Самыми замечательными были сны. Сны, фантазии, мечты, надежды - призраки чужих жизней… бесплотные, невесомые, неосязаемые… Я пропускал эти фантомы сквозь пальцы, ощущал их горько-пряный привкус на губах.
Возьму бумагу. Буду тебя рисовать. А я умею? Да, кажется смогу… но, во всяком случае, можно попробовать.
Какой ты будешь? Чистой, красивой, нежной, словом, такой, какой не была никогда.
Вокруг шумно. Веселье. Пусть. В дальнем углу надрывно плачет гитара. Умело, ничего не скажешь… Сомневаюсь, что смог бы лучше.
«Я притворяюсь стеклом,
Но глубже не стоит – лучше не доиграть.
Я притворяюсь огнем
Там, где мальчик давно отучился летать.
Извечный стакан одинокого чая,
Позапрошлой надежды удел и исход.
Пусть тебе приснится, как из дальнего рая
На крыльях бумажных твой ангел придет»…
Карандаш скребёт по бумаге, твой образ огромной белкой прыгает с мысли на мысль как с дерева на дерево, машет пушистым хвостом, прячется за кончиком карандаша. Я нетерпеливо отодвигаю его в сторону, графит оставляет след на снежности листа, но ты снова, показав шаловливо мне язык, убегаешь дальше по белой бумажной пустыне.

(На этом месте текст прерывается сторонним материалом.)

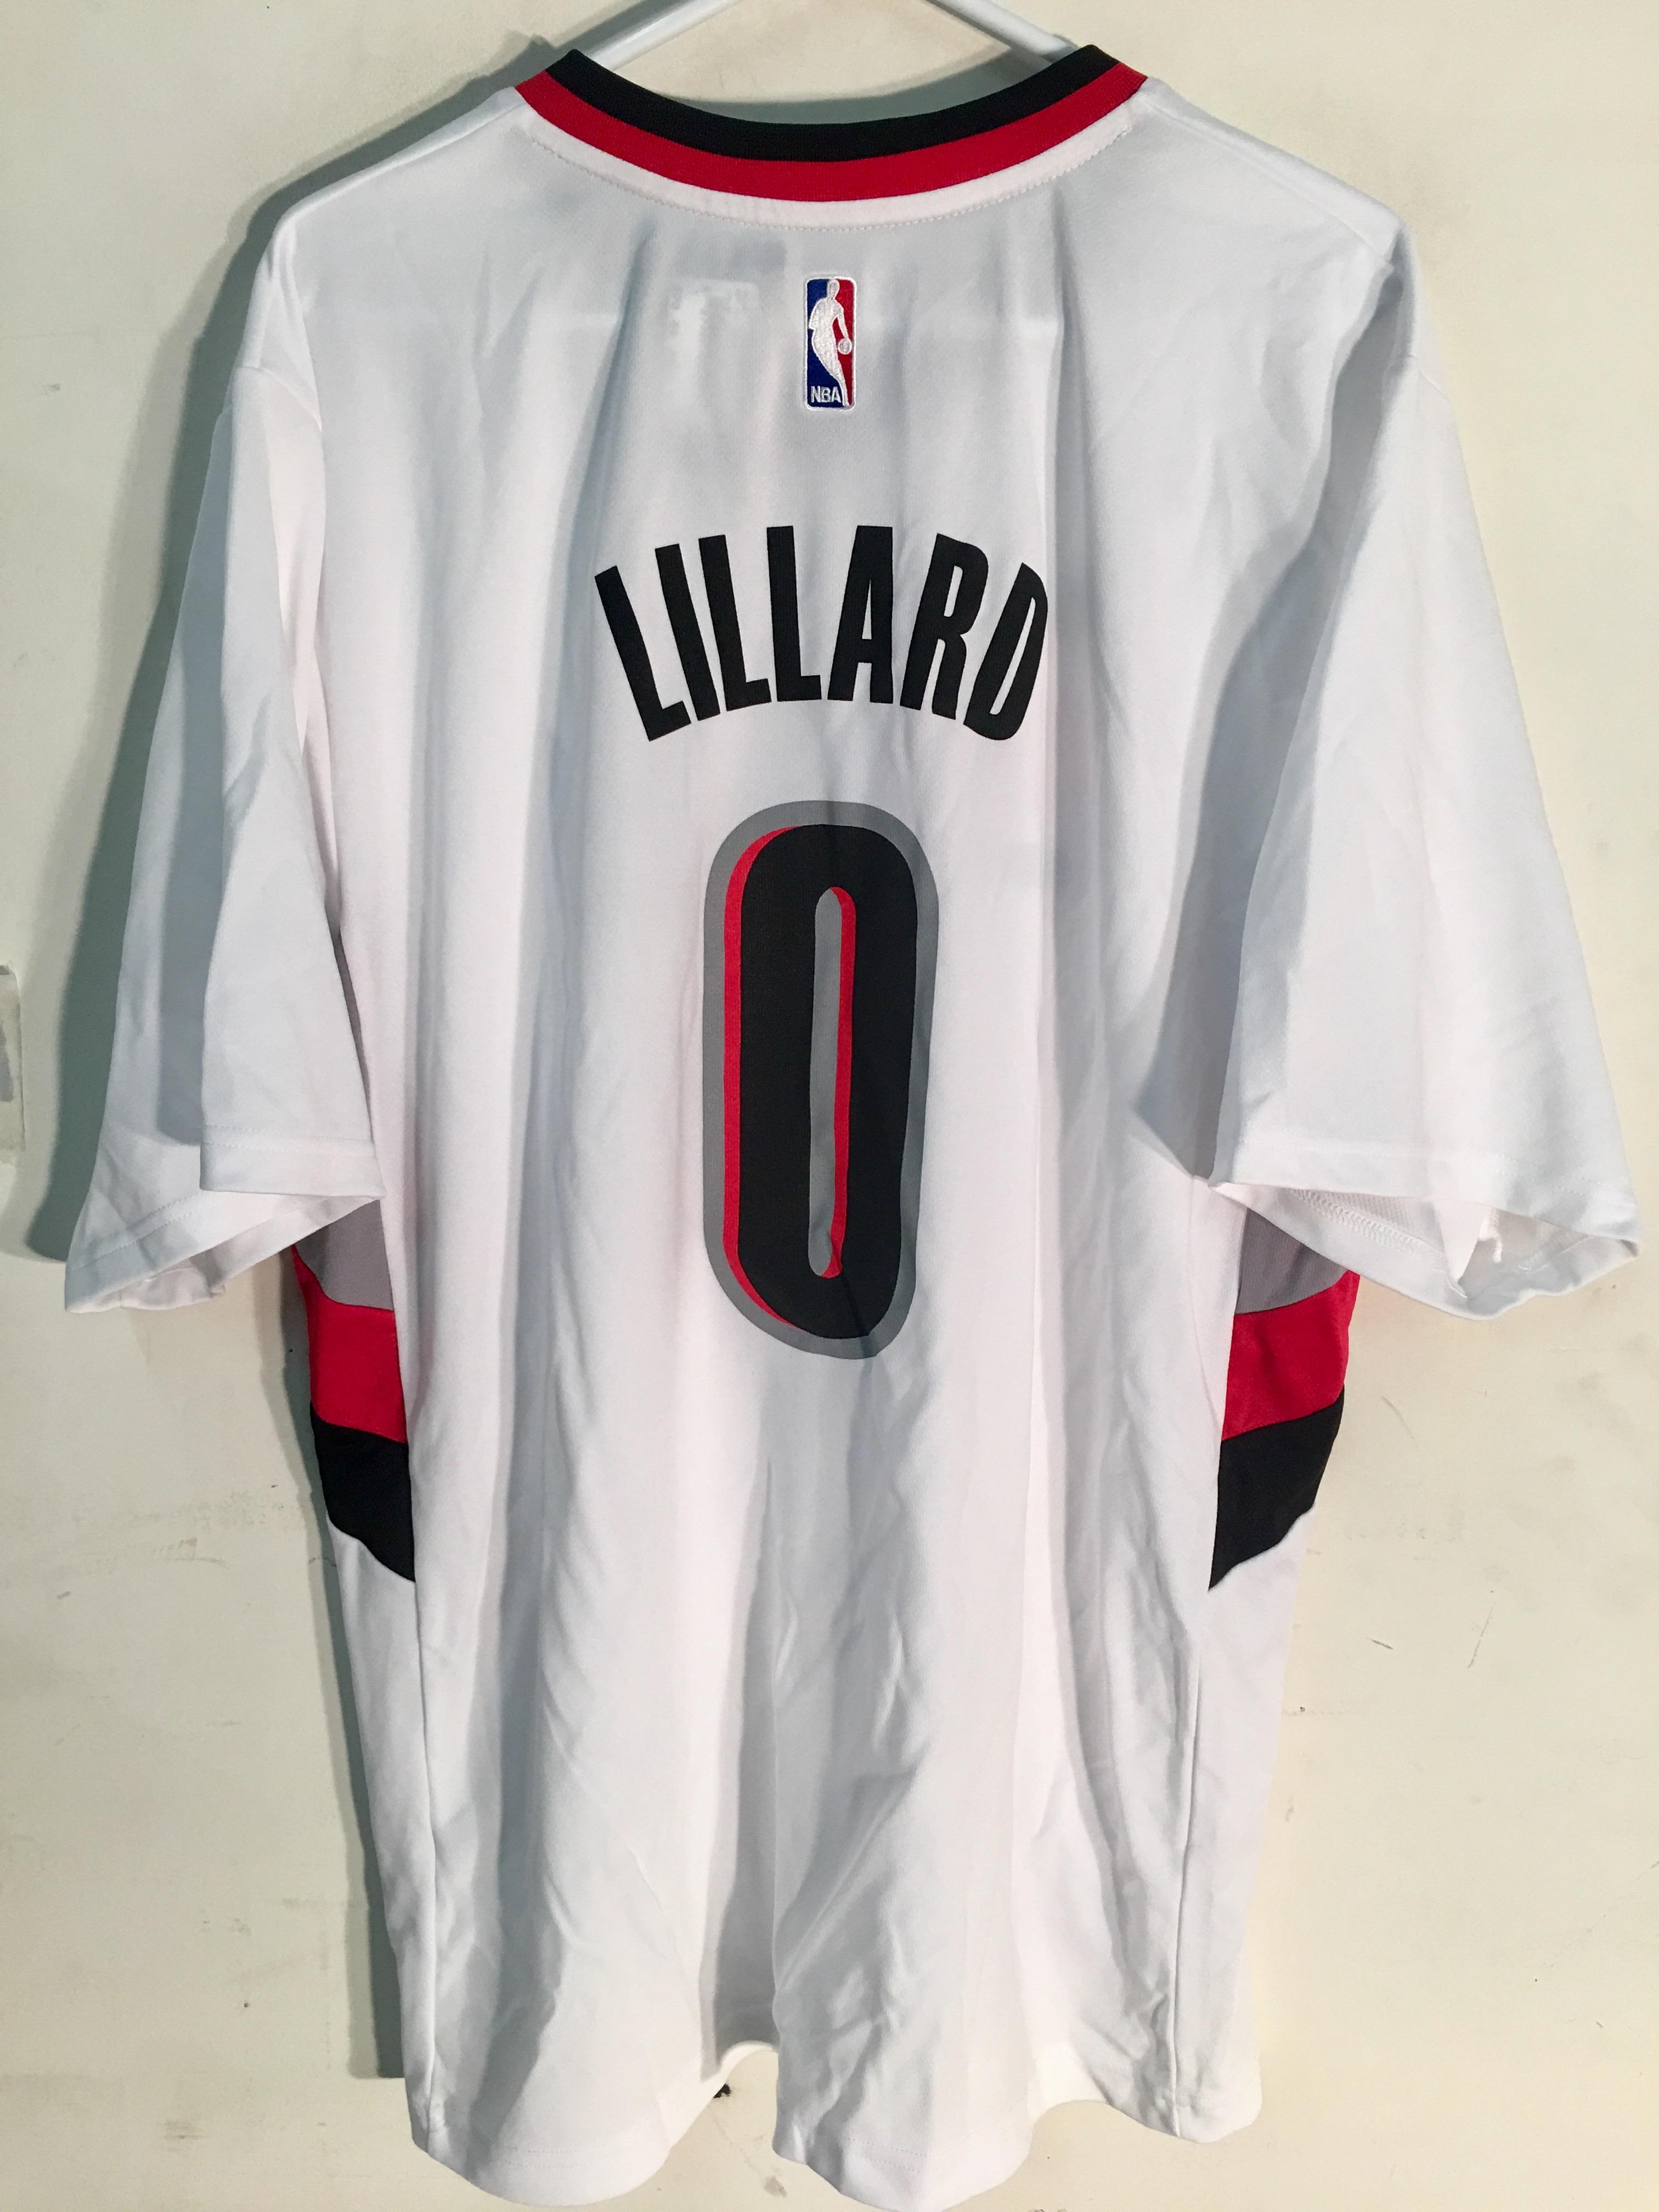 ba900b7e288 Details about Adidas NBA Jersey Portland Trailblazers Damian Lillard White  SS sz 2X

«Усталый дворник с картонного неба
Сметает обрывки неудавшихся жизней.
А забытый старик шепчет, словно молитву,
Про то, что мы хотели немного света,
Мы хотели всего-то немного света.
Прости, я не верю тебе больше»…
Гитара снова вскрикнула, но настроение уже другое. Безысходное, яростно-тоскливое, вопрошающее… Размашистый удар по струнам, и они ответили тревожным, бьющим в самую душу, каким-то горько-насмешливым аккордом. Единое целое, разделенное на несколько тел… Не на два, а гораздо больше.
Уж наверняка побольше, чем я и ты.
«Я притворяюсь тобой.
В поле тьма, а ты все ищешь свои зеркала.
Я притворяюсь собой,
Хотя стихи отболели и превратились в слова.

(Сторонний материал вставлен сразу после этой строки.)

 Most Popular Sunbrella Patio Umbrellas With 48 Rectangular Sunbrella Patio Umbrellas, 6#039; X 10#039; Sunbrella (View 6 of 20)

Потешь замерзшие руки вчерашним костром,
В нем облитые водкой листки псалтыря.
В дырявом кармане застряла монетка –
Спроси: орел или решка… и стоит ль ждать до утра»

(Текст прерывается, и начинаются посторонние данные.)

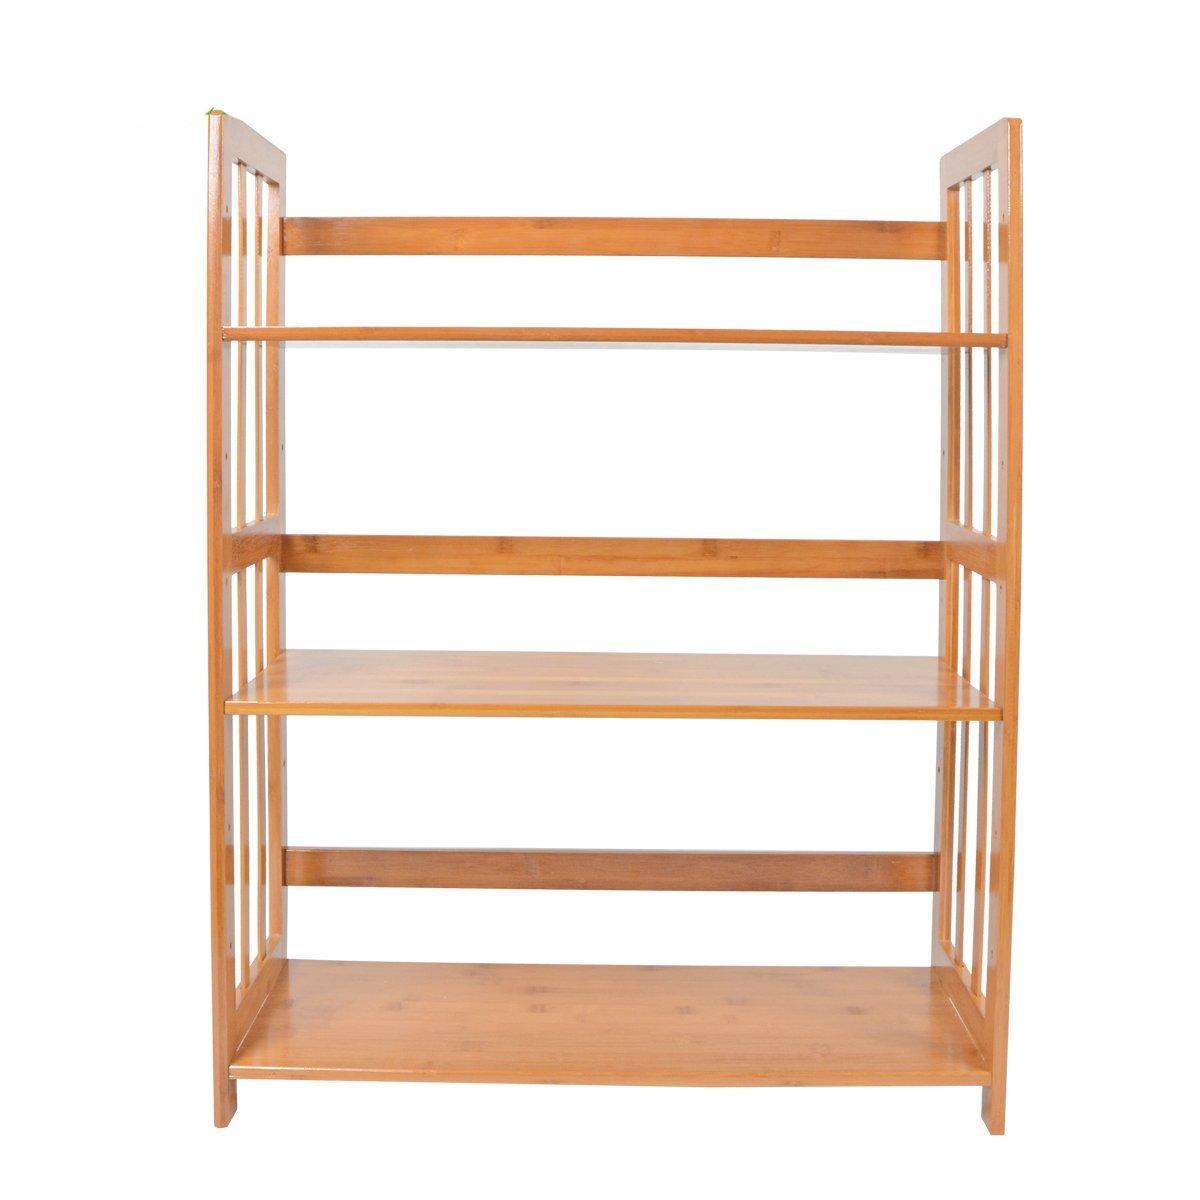 Saim Adjustable Bamboo Bookshelf Multifunctional Bathroom Kitchen Living Room Holder 3-Tier Utility Storage Rack Shelf

Разум не воспринимал слова, потому что не было уже разума. Был лишь сгусток снов и видений, порождение страхов и желаний, тайных и темных стремлений. И постепенно, через вечность, которая была несколькими минутами, из этого вихря выкристаллизовалось нечто. Некий образ, вдруг сфокусированный и получивший жизнь. А песня текла сквозь меня, странная песня, непонятно как и откуда взявшаяся в этой дыре, не песня даже, а просто рождающийся прямо сейчас под чьими-то пальцами набор бредовых строчек и образов, совершенно, казалось бы, не связанных с настоящим продолжал выплескиваться в установившуюся вдруг тишину, и слова били наотмашь по и без того натянутым за эту ночь нервам:
«Я притворяюсь одним
Из тех везучих, кого не сравняло стальным колесом.
Я притворяюсь чужим,
Когда изящной открыткой горит соседский дом.
Недобрый стук в посторонние двери.
Пыль рано стирать, ведь пока пронесло.
Анекдот про дурня, что все еще верит –
Немного грустно, – впрочем, уже все равно.
Твой голос в трубке, словно падают листья,
Под безглазою мглой, бестолковой и вечной.
Я понял, все мы одни, что толку жечь свечи;
Кричи – не кричи… ни ответа, ни эха.
Смотри, по небу шествует осень»…
Не знаю, почему я тогда не закричал. Откинувшись назад, я смотрел на белый лист. Высокая, по-птичьему лёгкая и невесомая фигура, небрежно намеченная резкими, почти неряшливыми штрихами, наполовину купающаяся в отблесках света, наполовину укрытая тьмой. Гордая, надломленная осанка, застывшие черты, выглянувшее мимолетным безумием чёрно-белое сияние глаз. Тёмные волосы, рассыпанные по плечам.
Я убиваю всё, что люблю.
Значит, надо убить любовь. Так просто.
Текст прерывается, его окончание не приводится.